Task goal | Without the pictures, write the listing out again exactly as it appears.

Data segment |
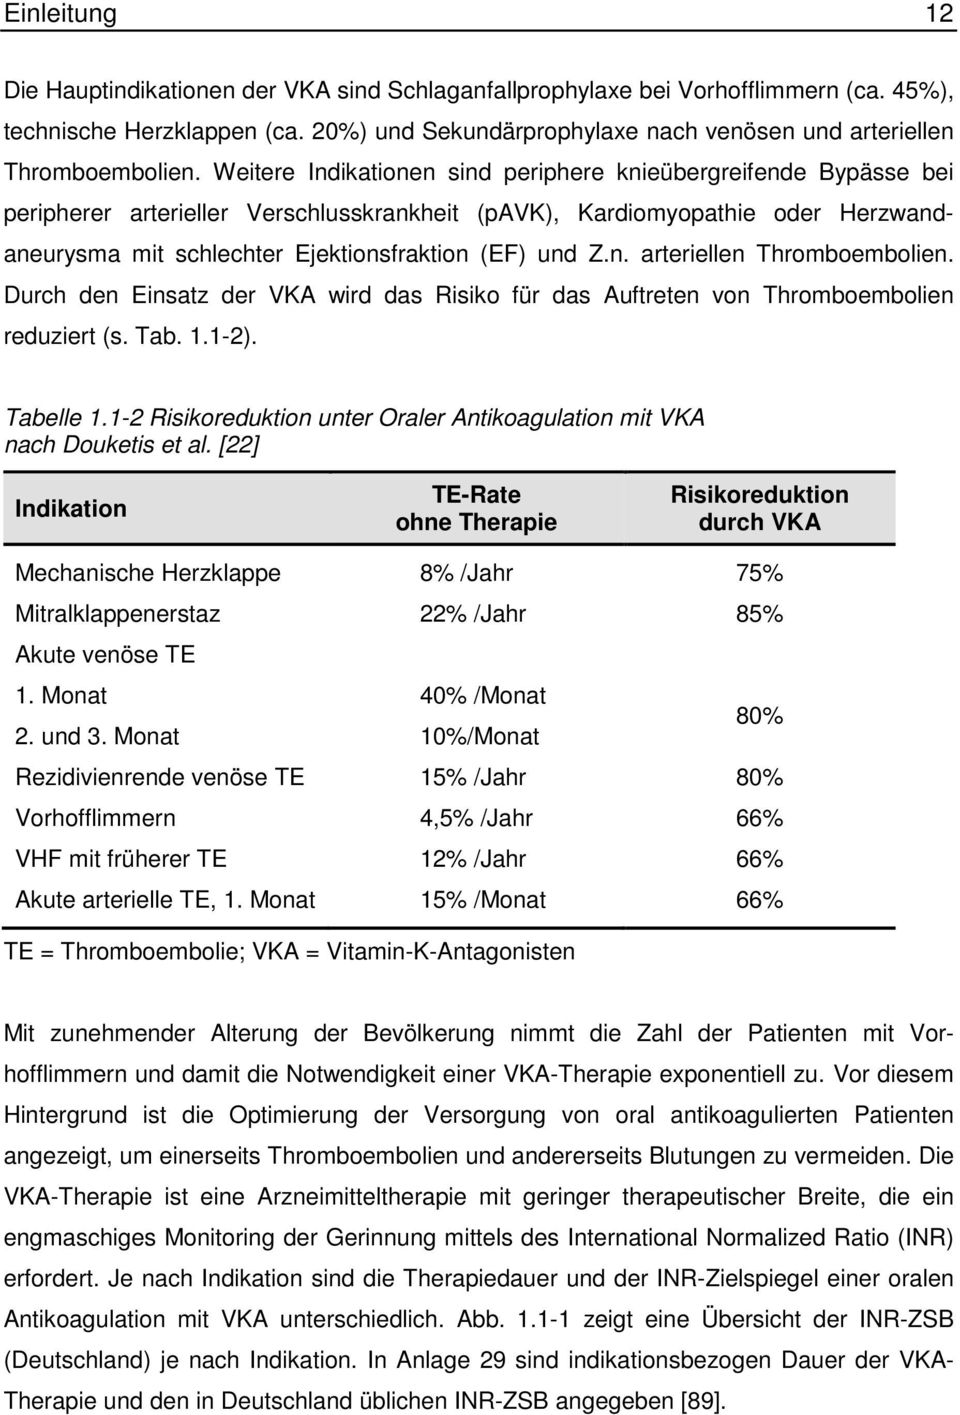 Falithrom Notfallausweis : Falithrom Notfallausweis / Falithrom ist in vielen ...
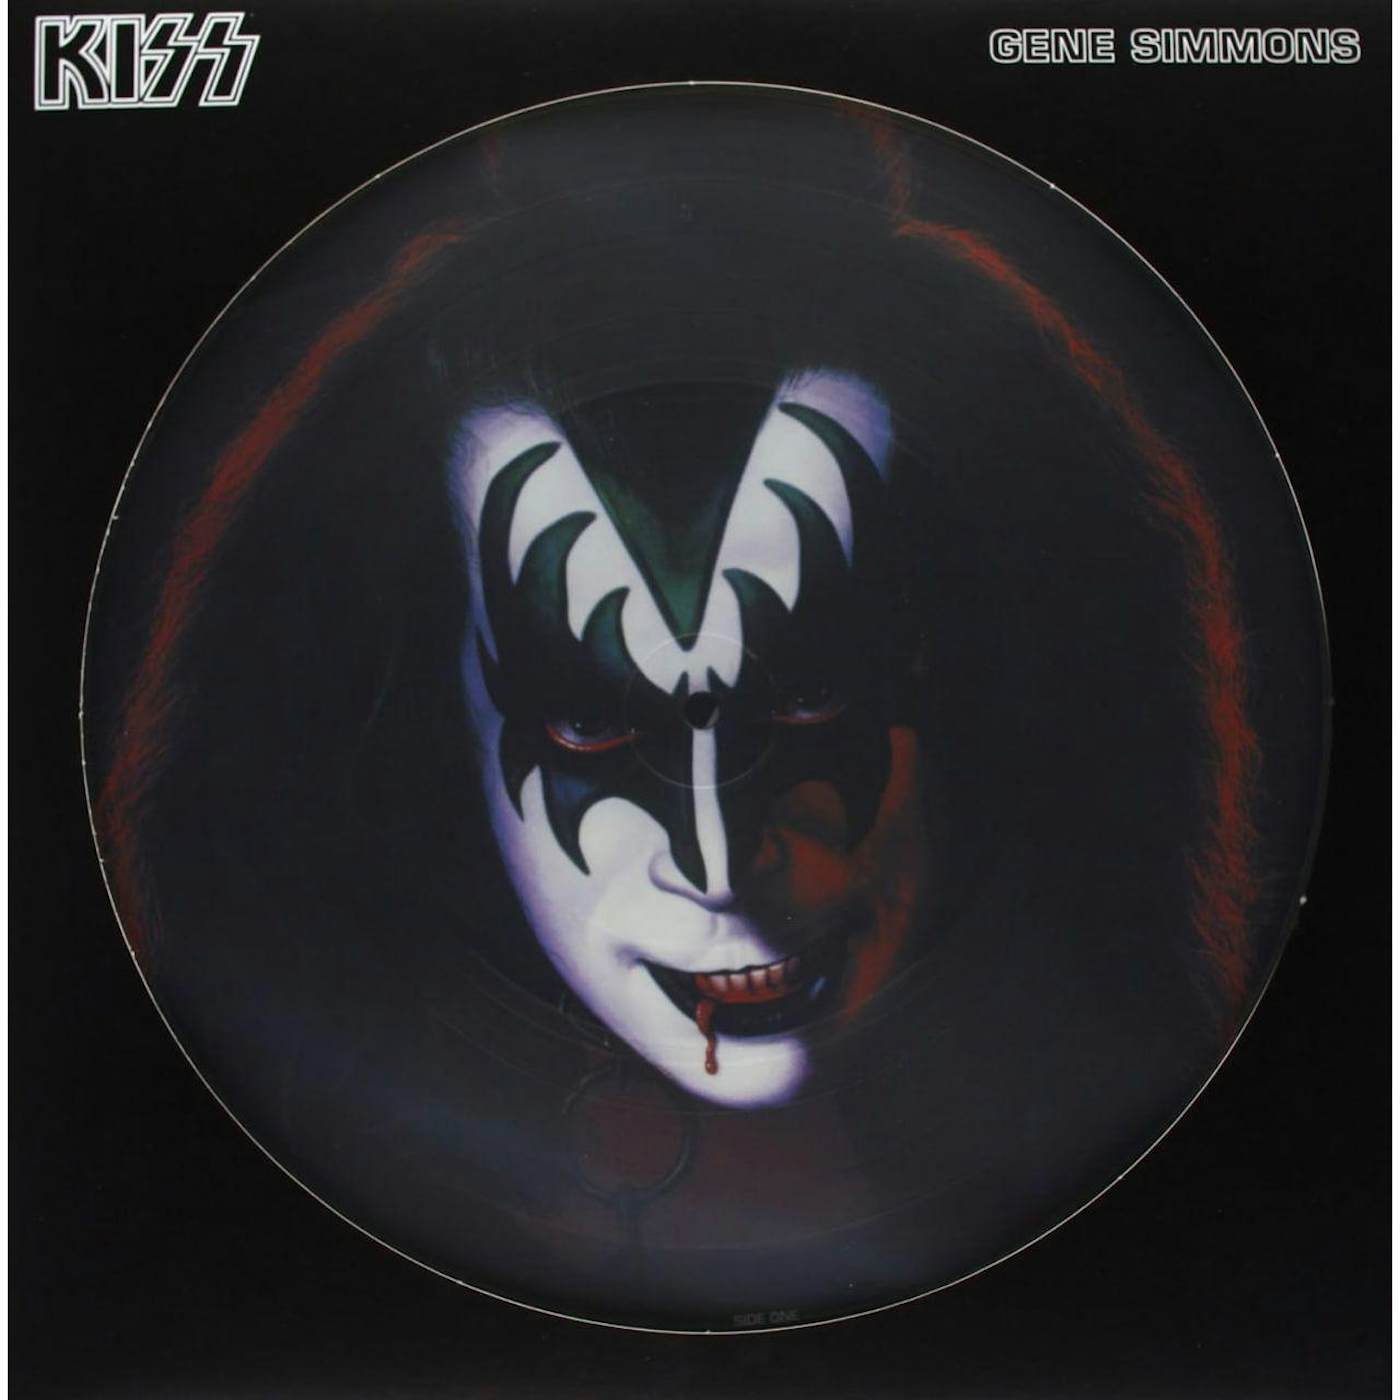 KISS Gene Simmons (Picture Disc) Vinyl Record
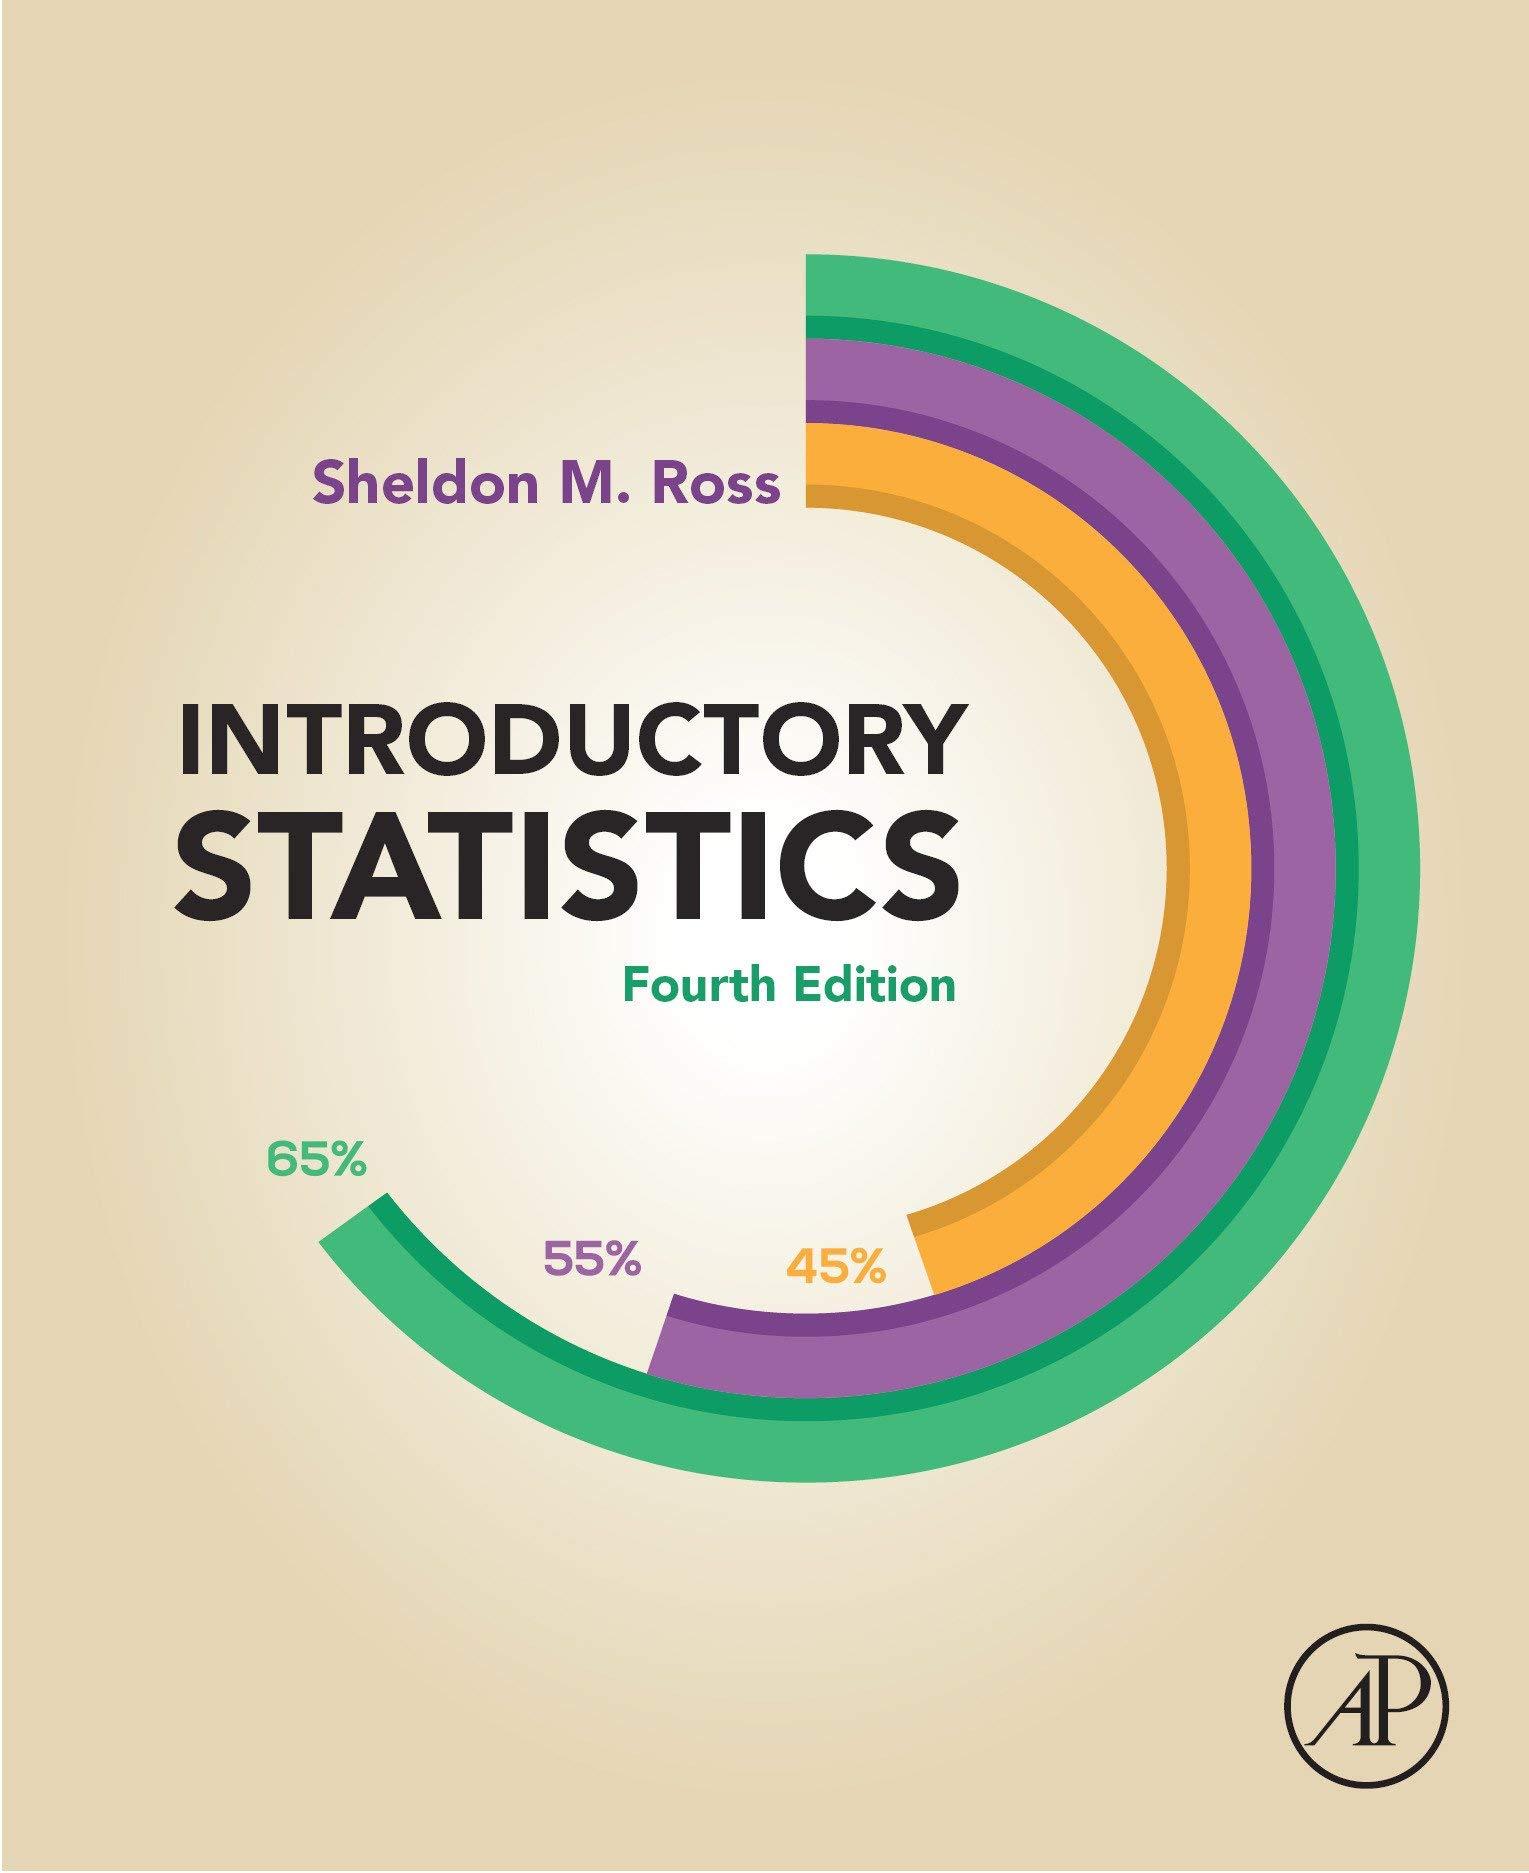 introductory statistics 4th edition sheldon m. ross 0128043172, 978-0128043172
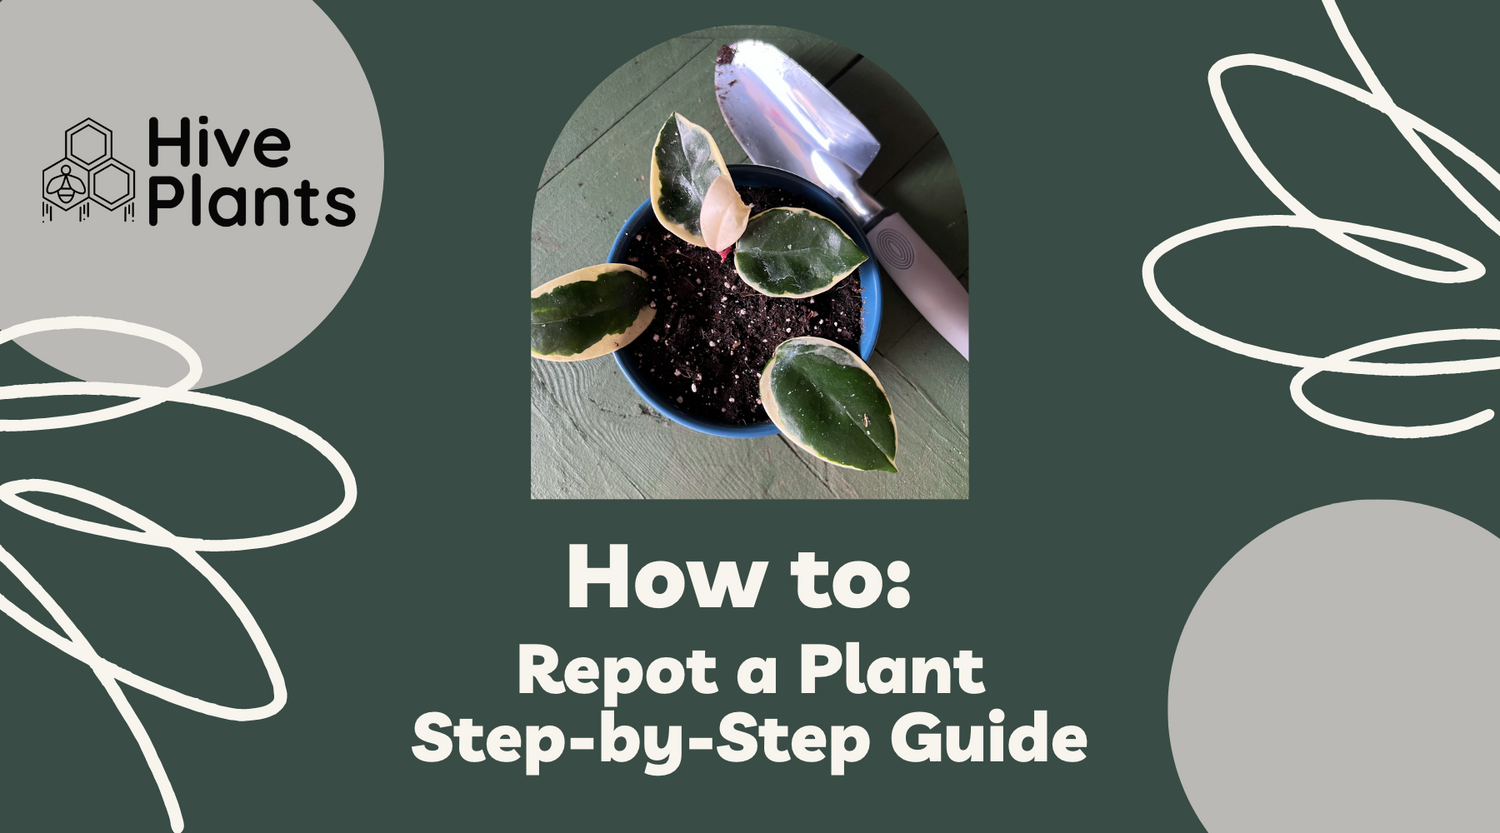 How to: Repot a Plant; A Step-by-Step Guide

Written answer |
 Falithrom Notfallausweis : Falithrom Notfallausweis / Falithrom ist in vielen ...
 KISS Gene Simmons (Picture Disc) Vinyl Record
 introductory statistics 4th edition sheldon m. ross 0128043172, 978-0128043172
 How to: Repot a Plant; A Step-by-Step Guide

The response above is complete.